WHAT YOU ARE ASKED TO DO:
Retype nothing except the lines below from the one with "Unschlagbare Interview-Antwort ENTHÜLLT" through the one with "Frascati(Insieme per Mastrosanti): avviati", exactly, with images left out.

DATA SECTION:
━━━━━━━━━━━━━━━━
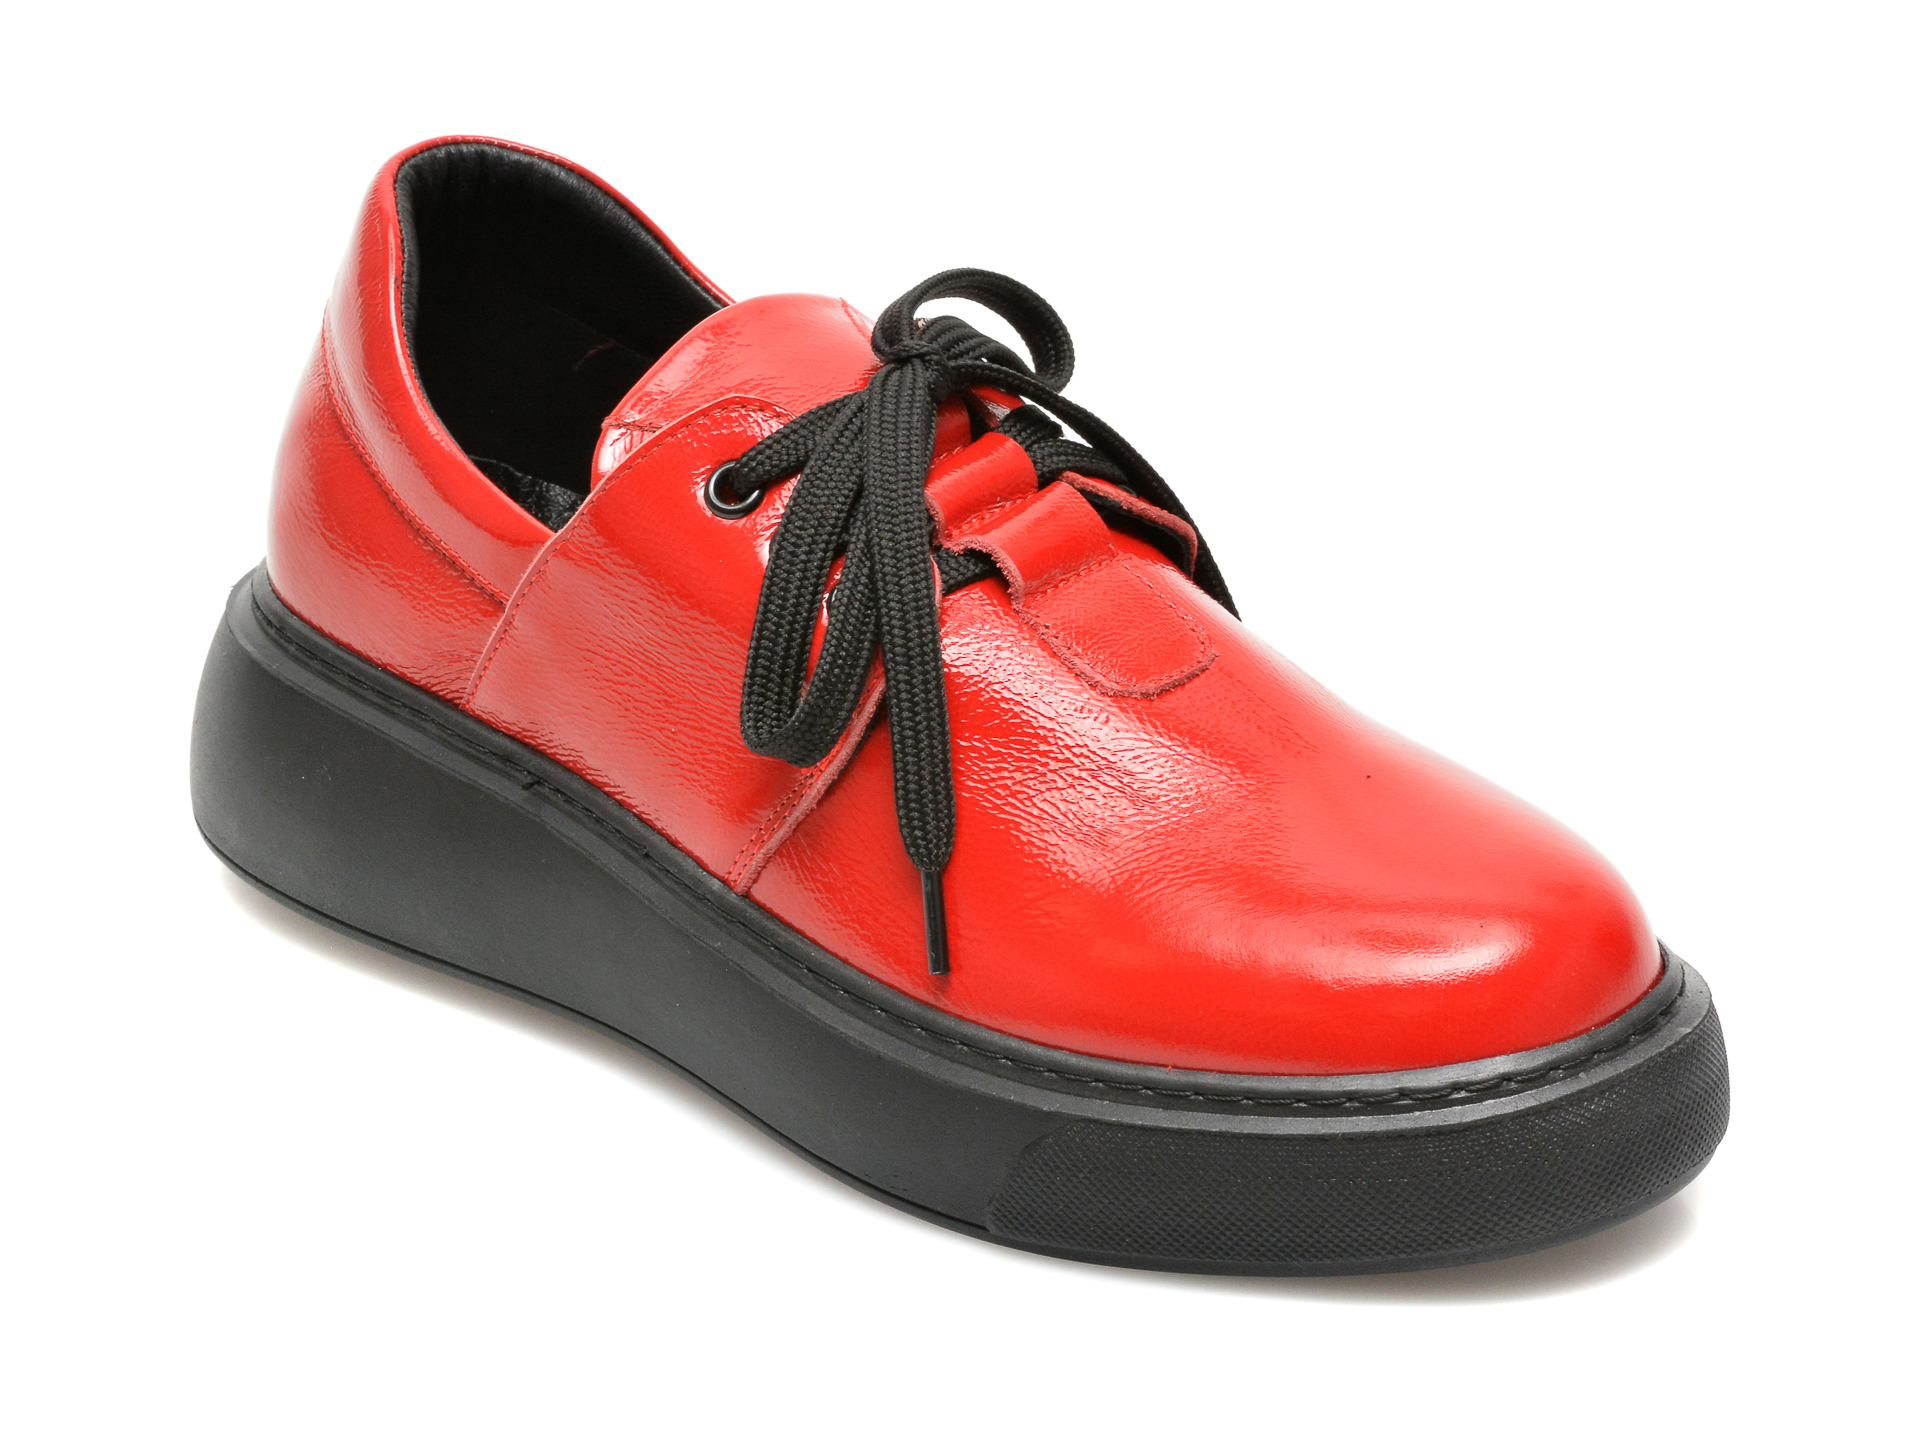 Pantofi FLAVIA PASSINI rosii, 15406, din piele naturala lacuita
━━━━━━━━━━━━━━━━
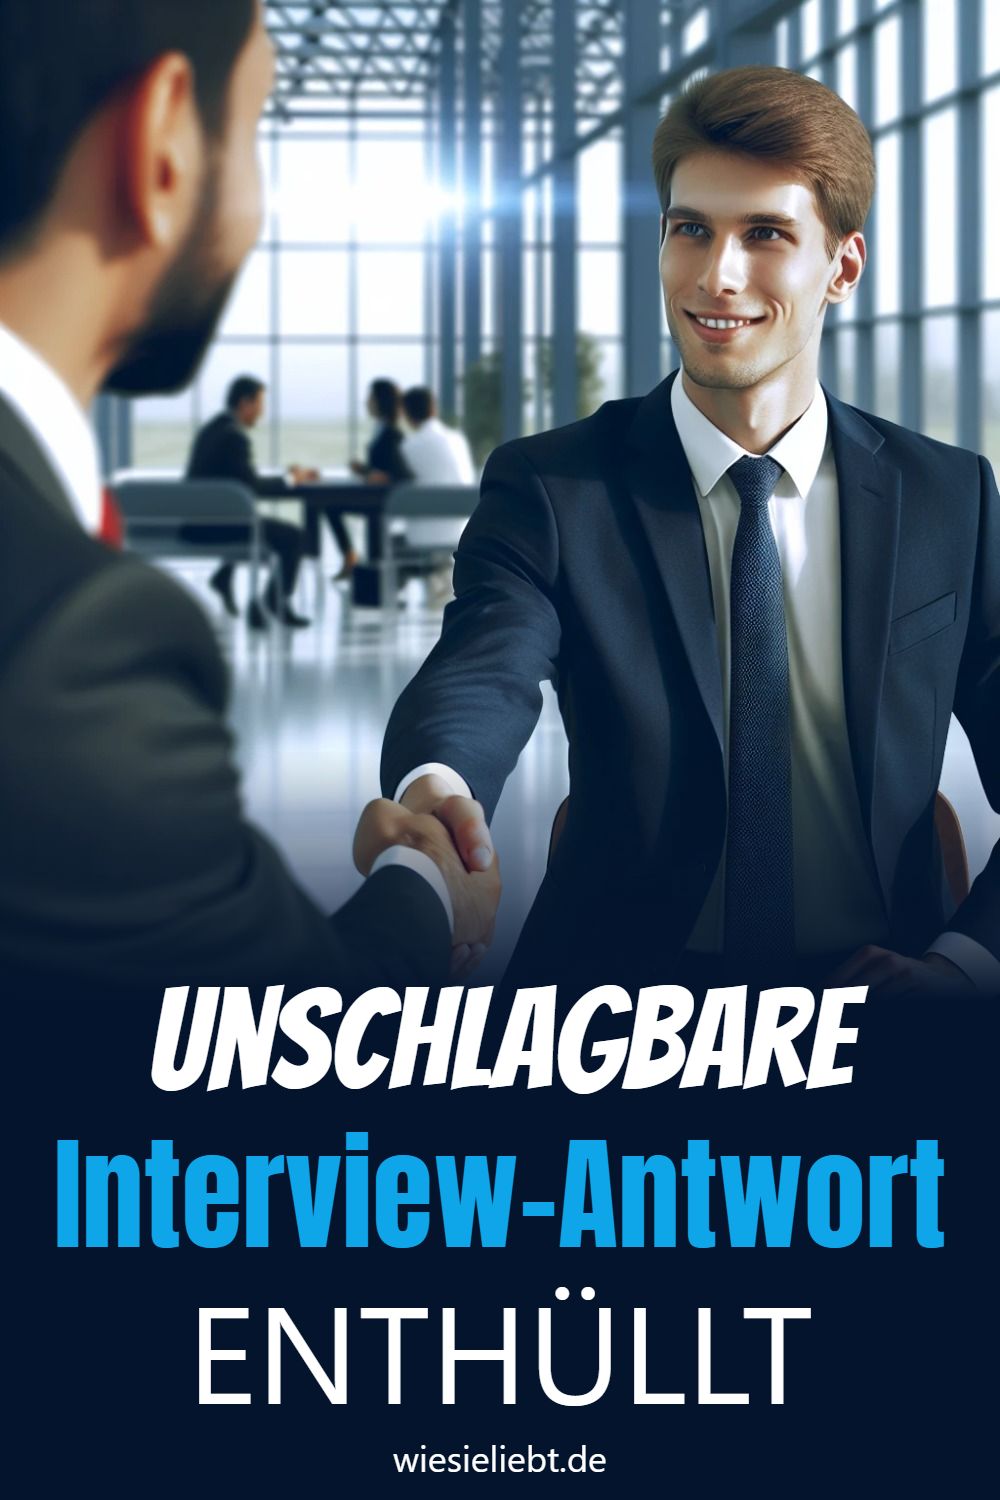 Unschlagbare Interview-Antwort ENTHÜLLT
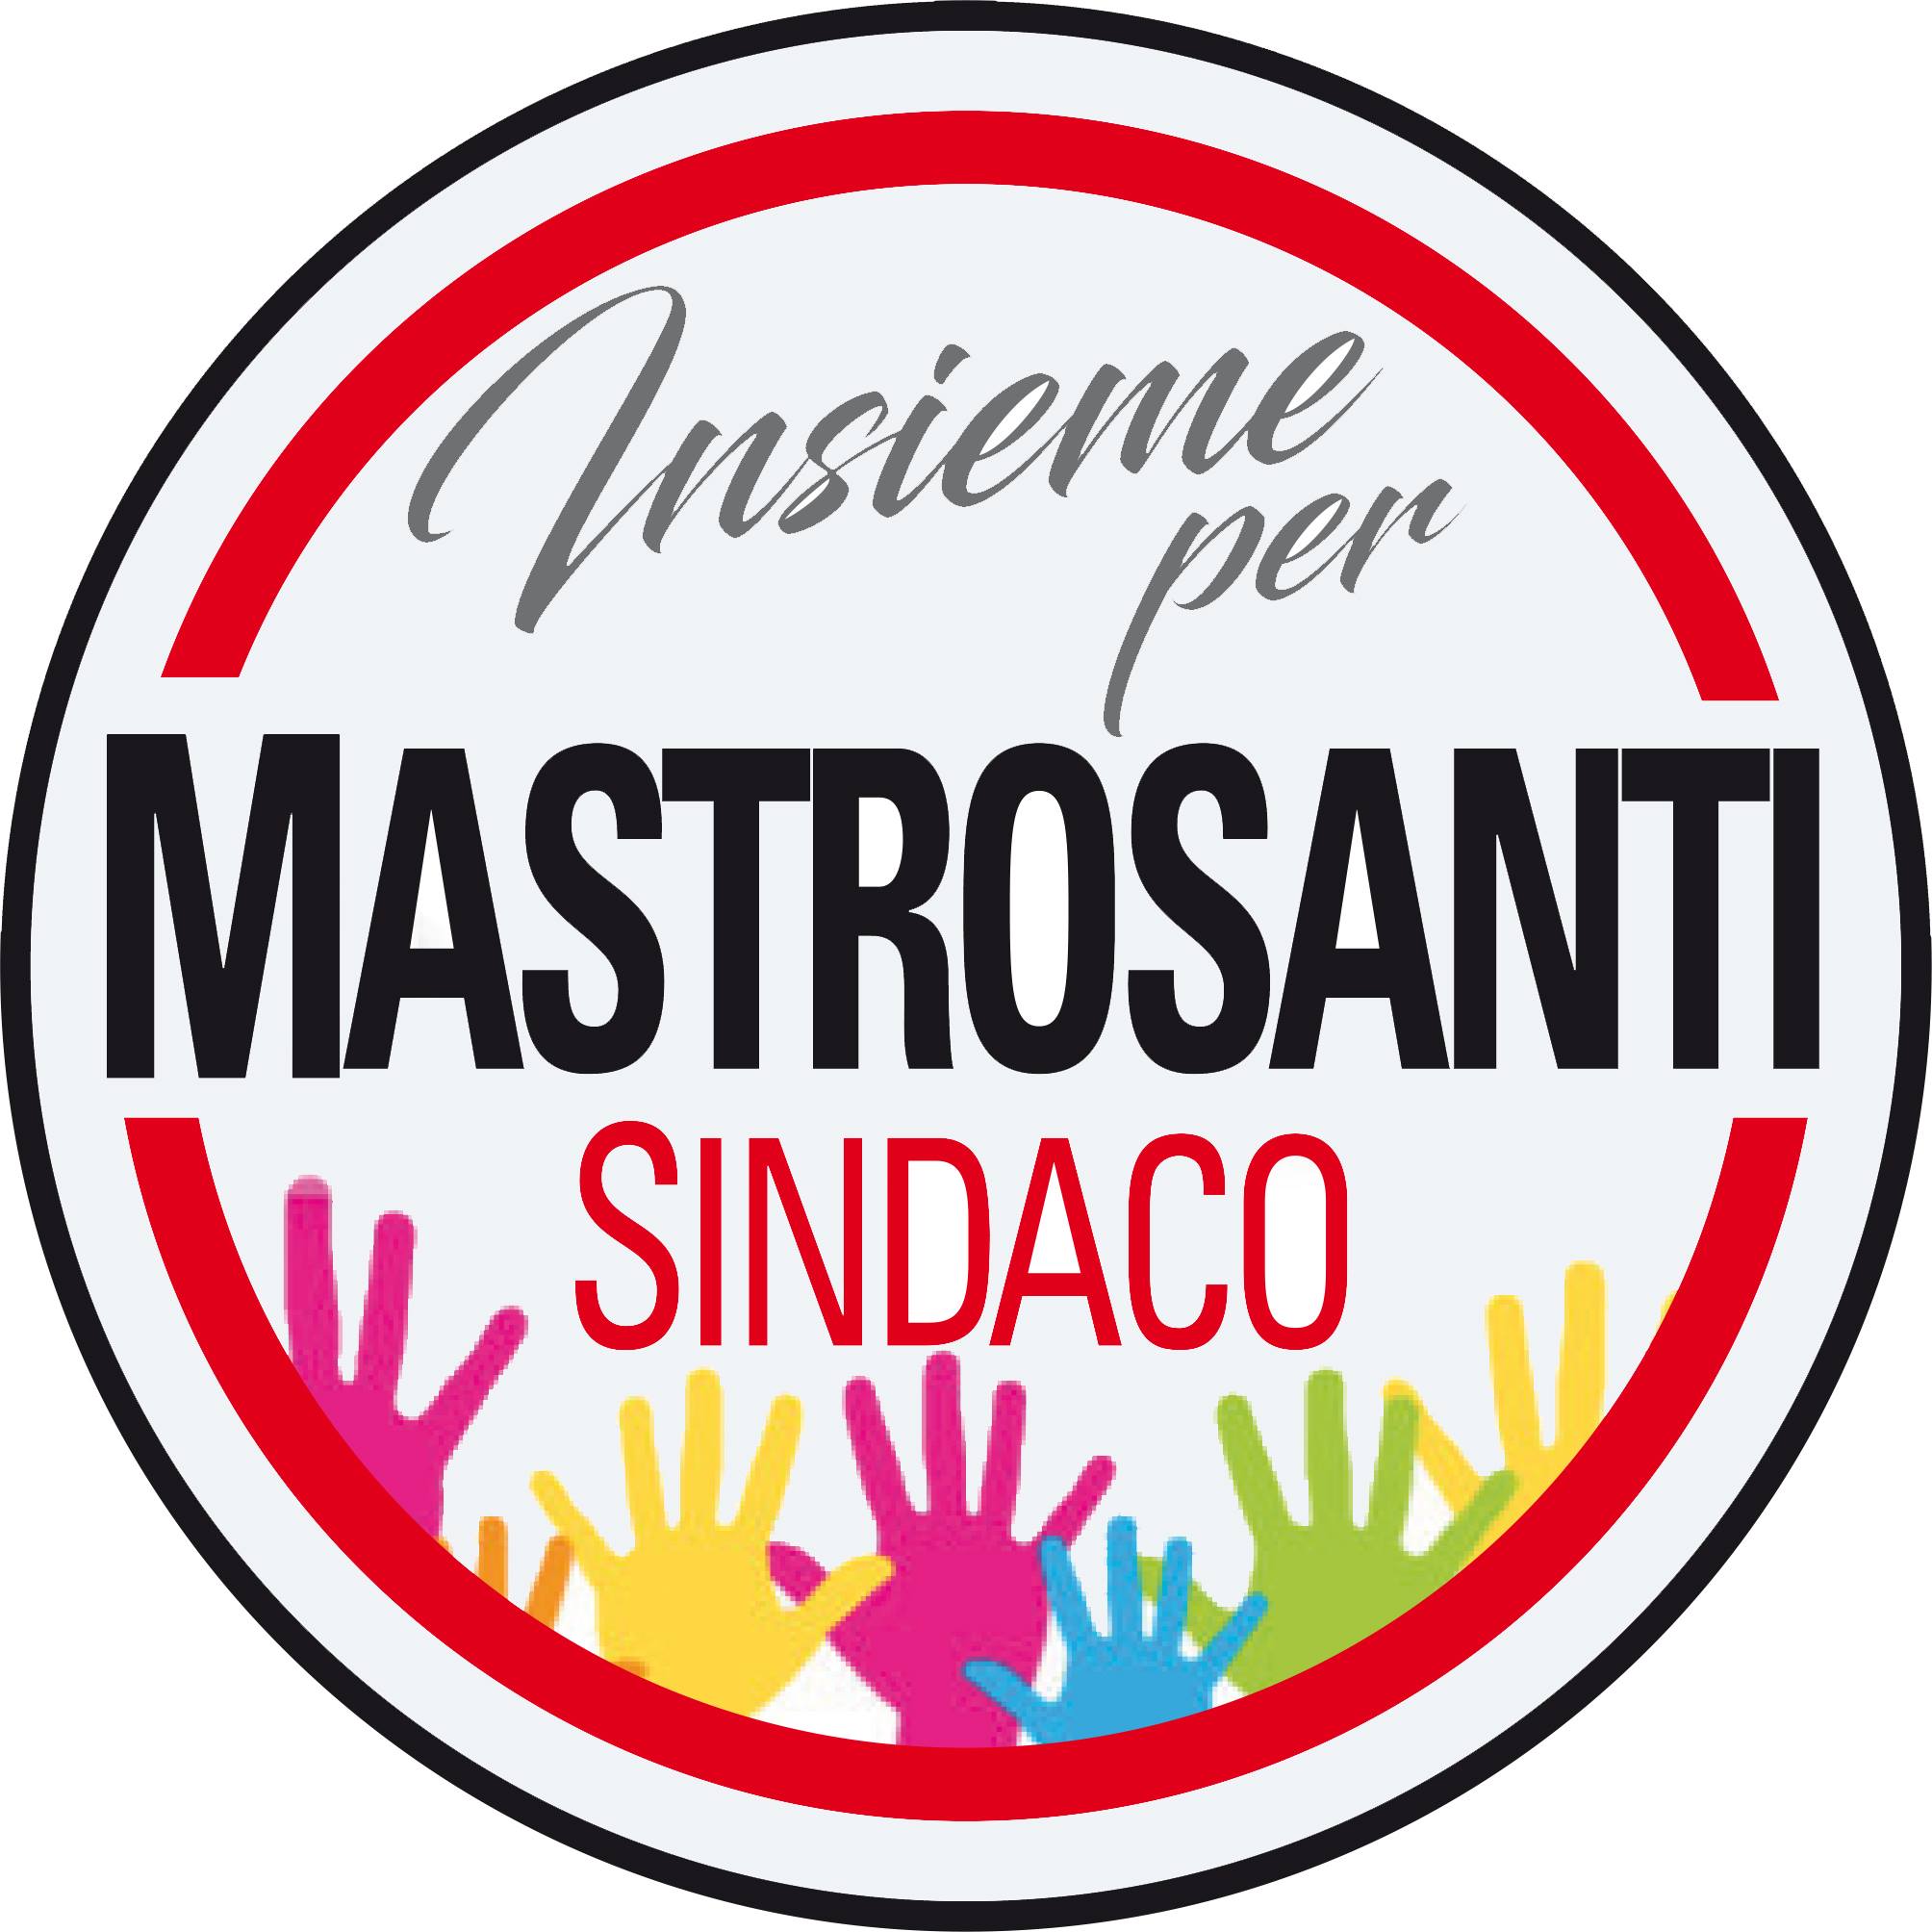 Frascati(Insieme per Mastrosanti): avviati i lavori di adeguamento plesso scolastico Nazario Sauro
━━━━━━━━━━━━━━━━
RESULT OF THE TASK:
 Unschlagbare Interview-Antwort ENTHÜLLT
 Frascati(Insieme per Mastrosanti): avviati i lavori di adeguamento plesso scolastico Nazario Sauro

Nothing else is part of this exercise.